[DAS] 1.6 draft 7

Fri Oct 1 19:57:04 UTC 2010

    09/29/2010 08:57 AM, Andy Jenkinson wrote:
> In fact I did a little test: I randomly generated 100,000 features in a JSON format with 5 small string fields (indexed file size ~5 mb). It turns out that when uncompressed a keyed file is indeed much bigger (87.5%). After compression this went down to 25.8% though. When 10% of fields were empty (i.e. for the indexed style empty strings, and for the hashed style omitted pairs), this went down again to 16.8%. This last bit surprised me to be honest, I expected a much more modest effect. For 10% of fields in a dataset to be empty seems a reasonable expectation to me too, so if your data model has a variable "occupancy" of fields across rows it's worth considering I would suggest.

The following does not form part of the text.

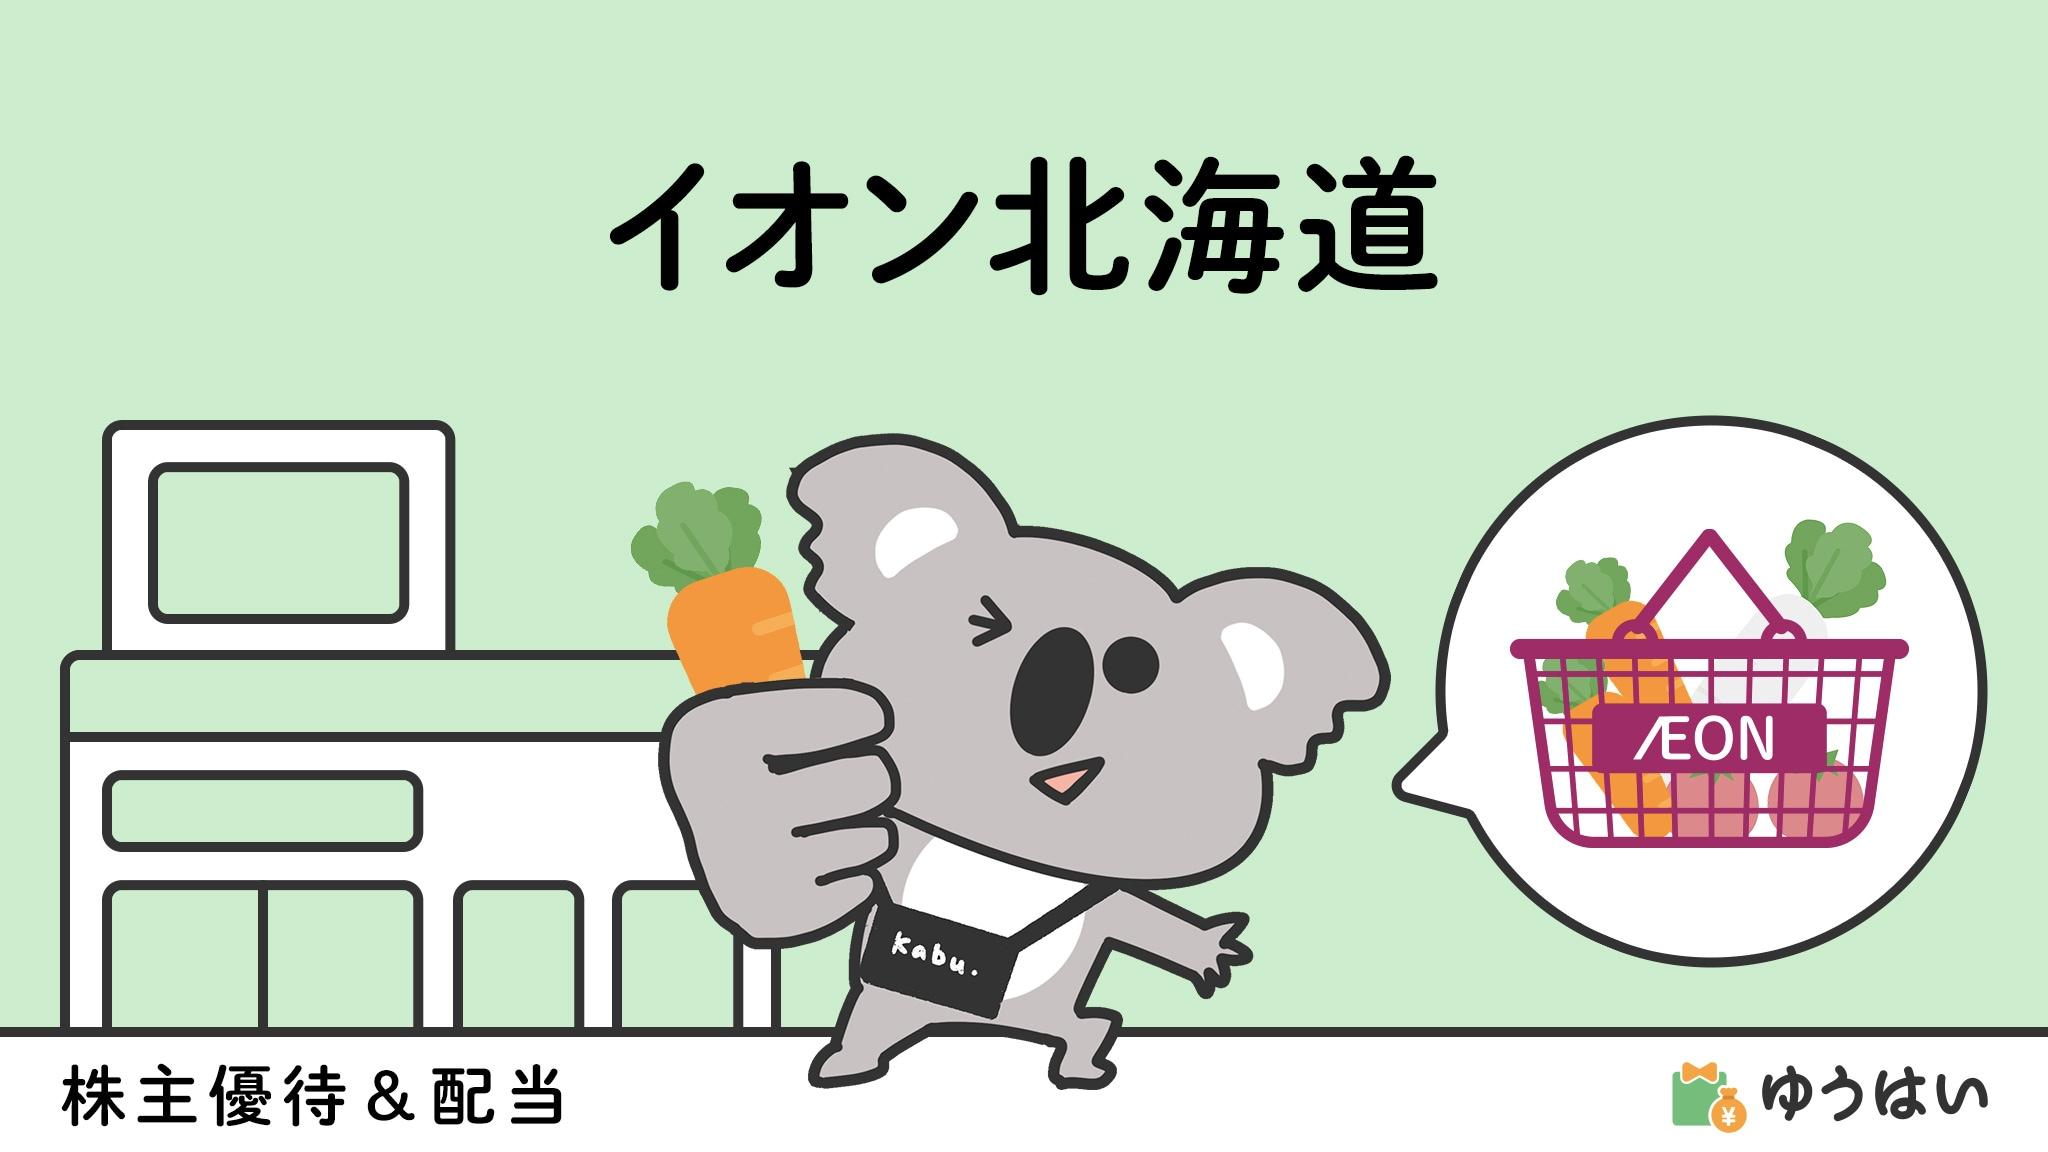 ゆうはい イオン北海道(7512)の株主優待と配当金
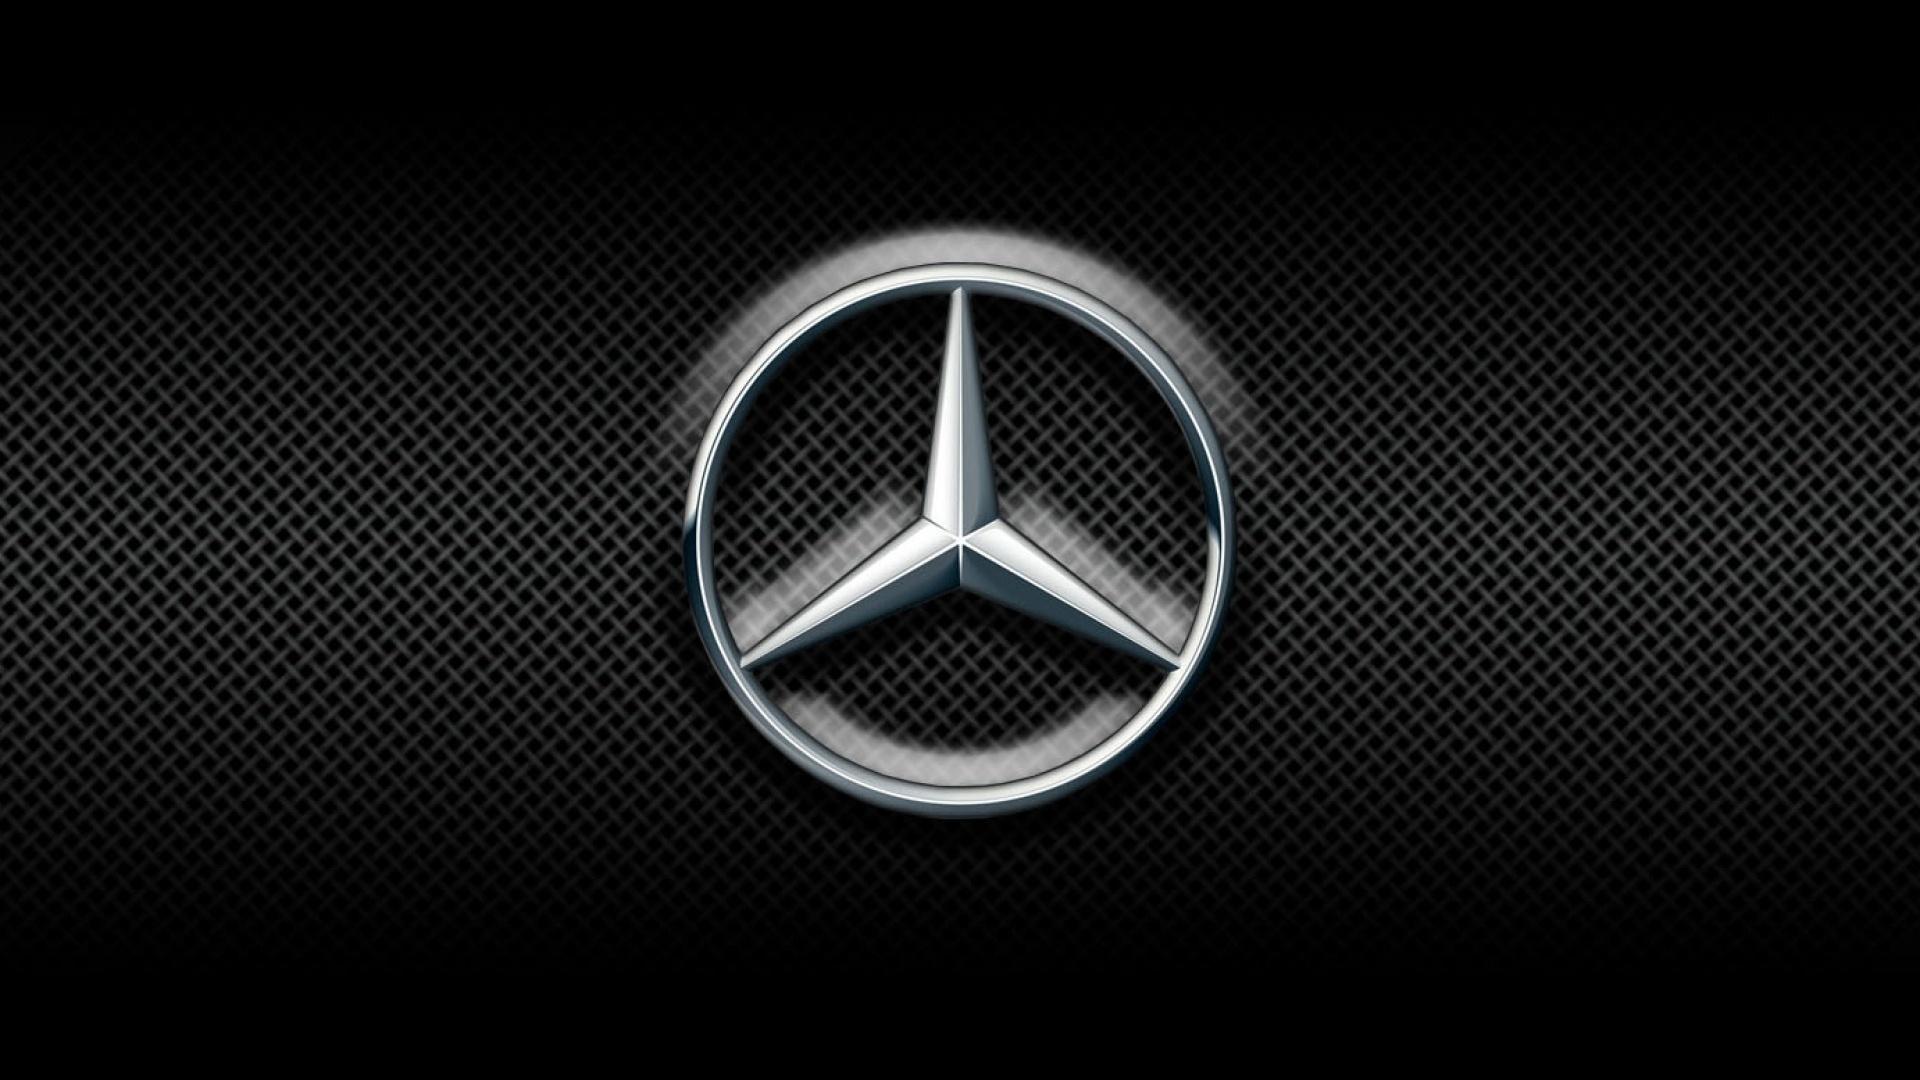 1920x1080 Brands, Mercedes Benz, Mercedes Benz Backgrounds ...

In particular, using 'null' instead of empty strings would have an even bigger effect (I don't know what JBrowse does in such circumstances).

Hi, thanks for the thoughtful and detailed analysis; it's really nice to 
get numbers on this stuff.  16.8% is certainly less than I would have 
hoped for, but I think there may be some ways to win back a bit more space.

In JBrowse, the "schema" can vary by track; my assumption was that the 
set of populated attributes in an individual track would be pretty 
uniform.  Some tracks might not use the "phase" field, for example, but 
if a given track used phase information, then I figured that almost all 
of the features in that track would populate that field.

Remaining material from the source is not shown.